In journalism and media industry for more than twenty years, worked for a number of media companies. Business editing, research and PR specialist. Covering industry and science news for Ilesol Pharmaceuticals.
On the 2nd of December, the 1st anniversary of the historic UN cannabis vote, 181 NGOs from 56 countries called upon the International Narcotics Control Board (INCB) drugs agency to create transparency and accountability in their Cannabis Guidelines.
The INCB is creating documentation inside the drug control system to facilitate the worldwide medicinal cannabis trade and research. However, the activists note that the INCB’s proposed global ‘Cannabis Guidelines’ and the drafting process seem to contradict last year’s key scheduling vote by favoring an increase of restrictions.
The NGOs have endorsed two letters, one to the new INCB President Jagjit Pavadia and the other to the UN Secretary-General António Guterres.
As they highlight in their press release, the INCB’s Guidelines will orient and shape governments’ regulations, impact the lives of many patients and farmers across the globe and undermine the work of doctors, health authorities, and many others.
Since 2020, the INCB has been developing its Guidelines in complete opacity raising concerns about the legitimacy and scope of the process, a fuzzy mandate, and risks of conflicts of interest, the activists point out. While not binding, these Guidelines will impact and shape regulations of cultivation, trade, production, and use of traditional, herbal medicine and a plant indigenous to many regions of the world. It risks becoming a standard, particularly among smaller nations with less capacity to establish their own regulations.
In this light, they have summed up their suggestions in the following six recommendations:
-Disclose INCB documentation like other similar UN bodies;
-Opt-in to the UN online documentation access and archival system;
-Extend the civil society consultations to all areas of work of the Board;
-Call for and collect written contributions from non-State actors;
-Allow NGOs & non-State actors to participate as observers in INCB meetings;
-Scale-up “country visits,” inspired in the human rights treaty bodies Annual Review Mechanism.
”Our organizations strive for global health, human rights, and sustainability. We recognize INCB’s importance in helping governments ensure access to and availability of controlled medicines for all patients in need but INCB alone can not shape the economic, social, environmental, and cultural future of our communities.”, they conclude.

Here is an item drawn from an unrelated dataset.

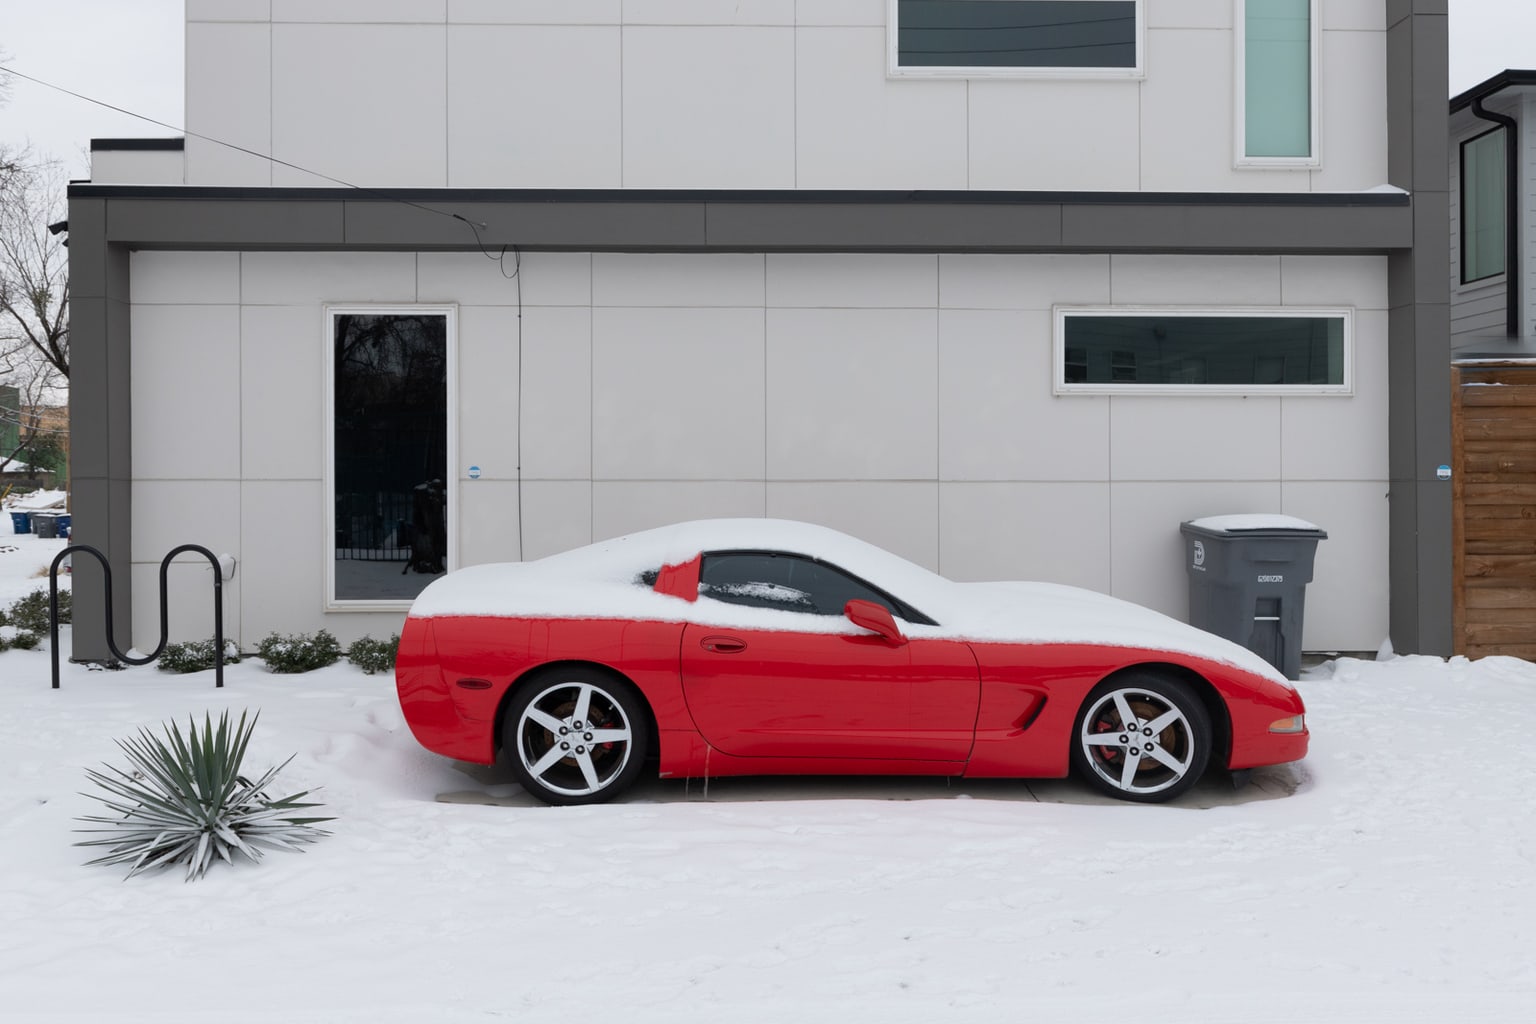 A red corvette partially buried with snow
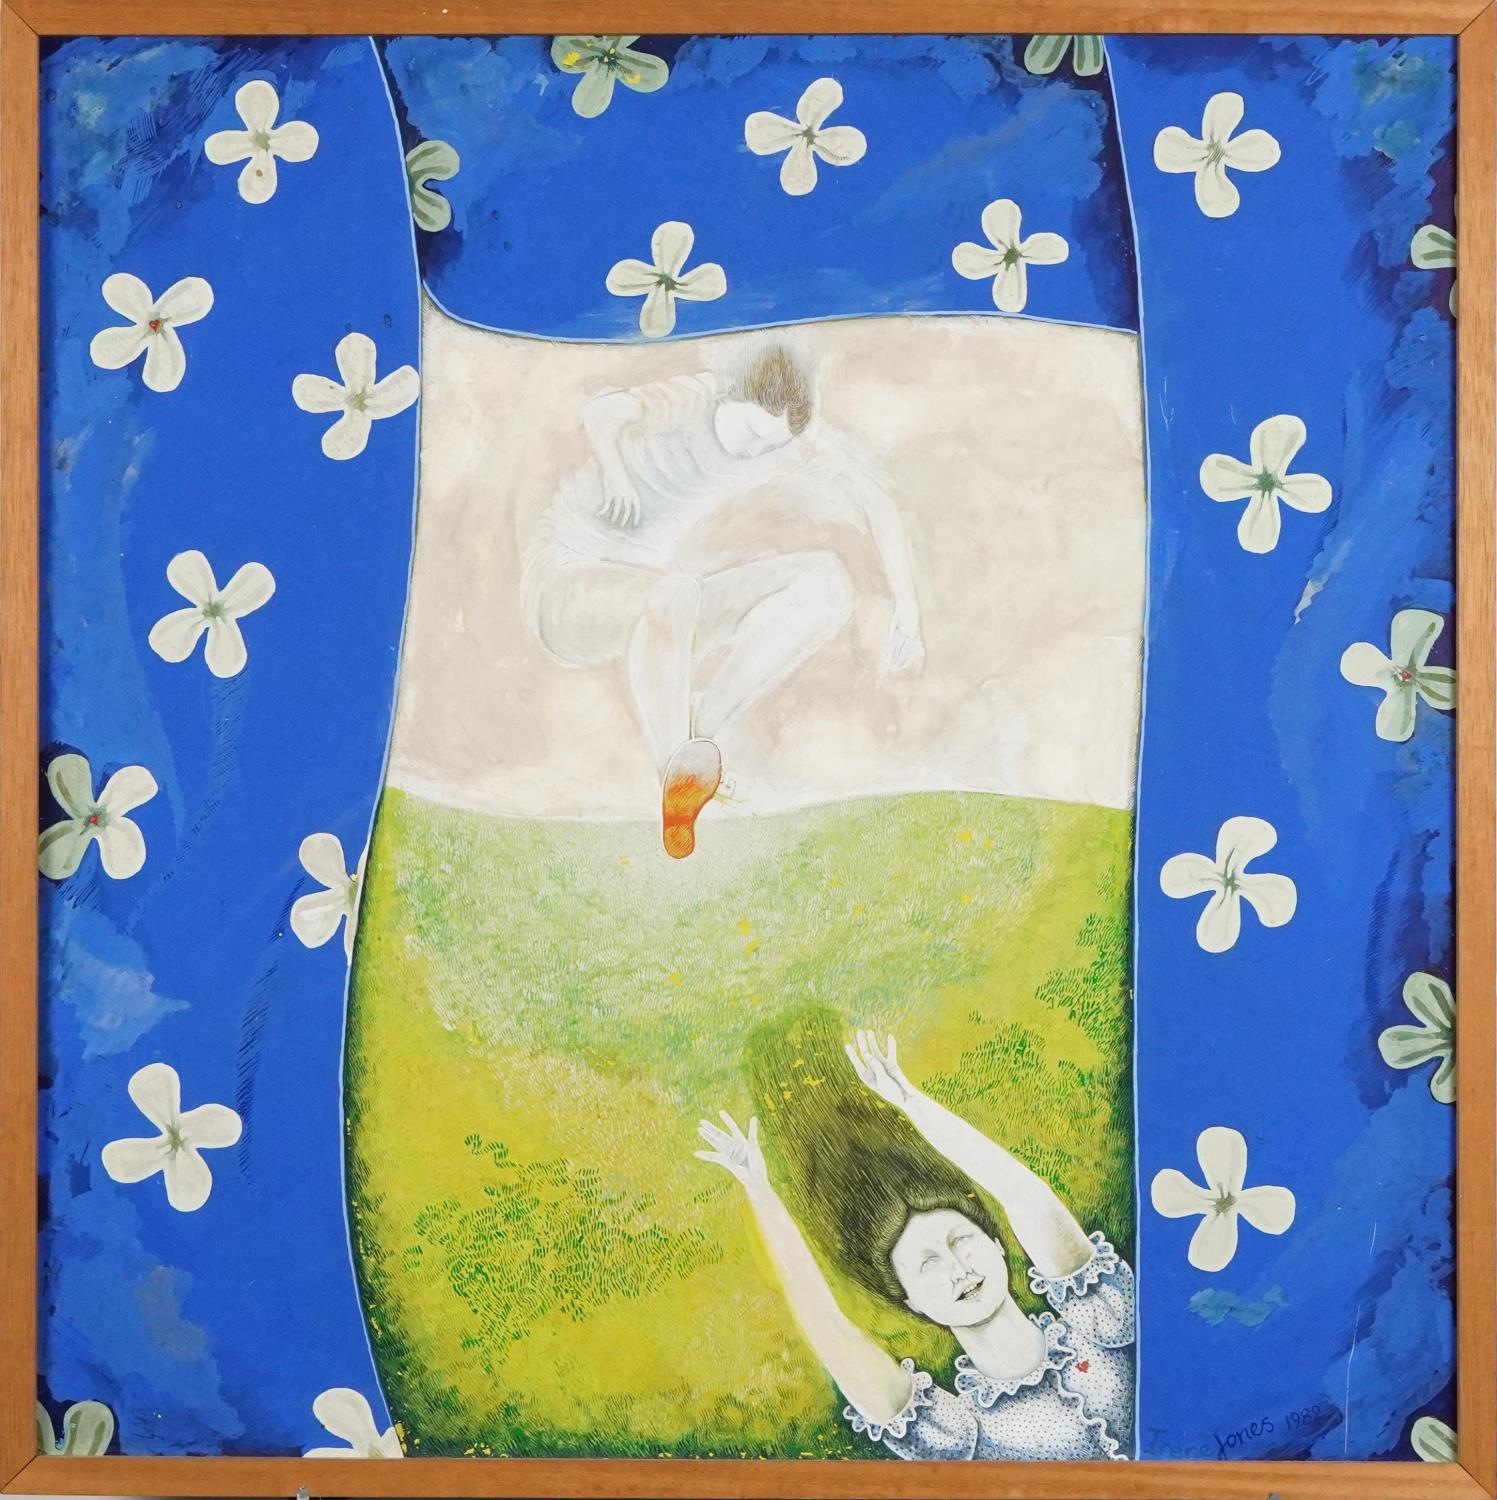 Irene Jones 1982 - Leaping and blue curtains, Cornish school mixed media on board, framed, 60cm x - Image 2 of 4

The UN Secretary-General António Guterres expressed his position on this issue with the following statement: ”The INCB is a member state body and they set their own rules. As a matter of principle, the Secretary-General always believes that civil society should be heard and should be given space to express their opinion”, said Guterres, adding it is not the role of the Secretary-General to mediate between the INCB and the NGOs.
In the meantime, more organizations from across the globe joined to sign the open letters coordinated by Kenzi Riboulet-Zemouli and Michael Krawitz.
Kenzi Riboulet-Zemouli, independent researcher and an expert on cannabis policies, commented on the statement of the UN Secretary-General António Guterres. ”What I can say is that indeed, since Secretary-General is directly responsible for the job of INCB staff and secretariat, it’s not his role to mediate. He cannot mediate if he is a party involved. He should act directly without awaiting a third party to mediate. Change is in his power.”, says Kenzi Riboulet-Zemouli for Ilesol Pharmaceuticals.
Riboulet-Zemouli runs the INCB Monitor, an independent, public-interest webpage that closely monitors and documents the work of the INCB’s Cannabis Control Initiative.
The INCB consists of 13 members who are elected by the Economic and Social Council and who serve in their personal capacity, not as government representatives. Three members with medical, pharmacological, or pharmaceutical experience are elected from a list of persons nominated by the World Health Organization (WHO) and 10 members are elected from a list of persons nominated by Governments.
As it is said in their press release from the 5th of March 2021, the INCB Cannabis Control Initiative is being developed with the financial support of the Government of Japan. The Initiative supports the Member States with the harmonization of their monitoring, control, and reporting practices to ensure the availability of cannabis-based substances for medical and scientific purposes while preventing their diversion and abuse.
We have asked the INCB for comment on the NGOs initiative but did not get a response.
As we have already written, the lack of progress with the EU Novel Food applications combined with the launch of the INCB’s Cannabis Initiative has caused concerns in the European CBD industry.
”The hemp industry has for decades been held hostage to misinterpretation of the UN Single Convention 1961. The governments’ arbitrariness concerning hemp regulation and ignoring the Convention commentary published in 1962 has led to the practical closure of the hemp processing industry, along with a dozen different processing industries.”, said Sasha Bajilo, the Founder of Ilesol Pharmaceuticals.
The Commentary of the Single Convention 1961 explains that the control regime applies only to the cultivation of the cannabis plant for the production of cannabis or cannabis resin. Cultivation for any other purpose should consequently be exempted from the control regime.
Besides, future Cannabis Guidelines should not apply to CBD since the Court of Justice of the European Union (CJEU) has ruled that CBD is not a narcotic drug – the fact confirmed by the European Commission.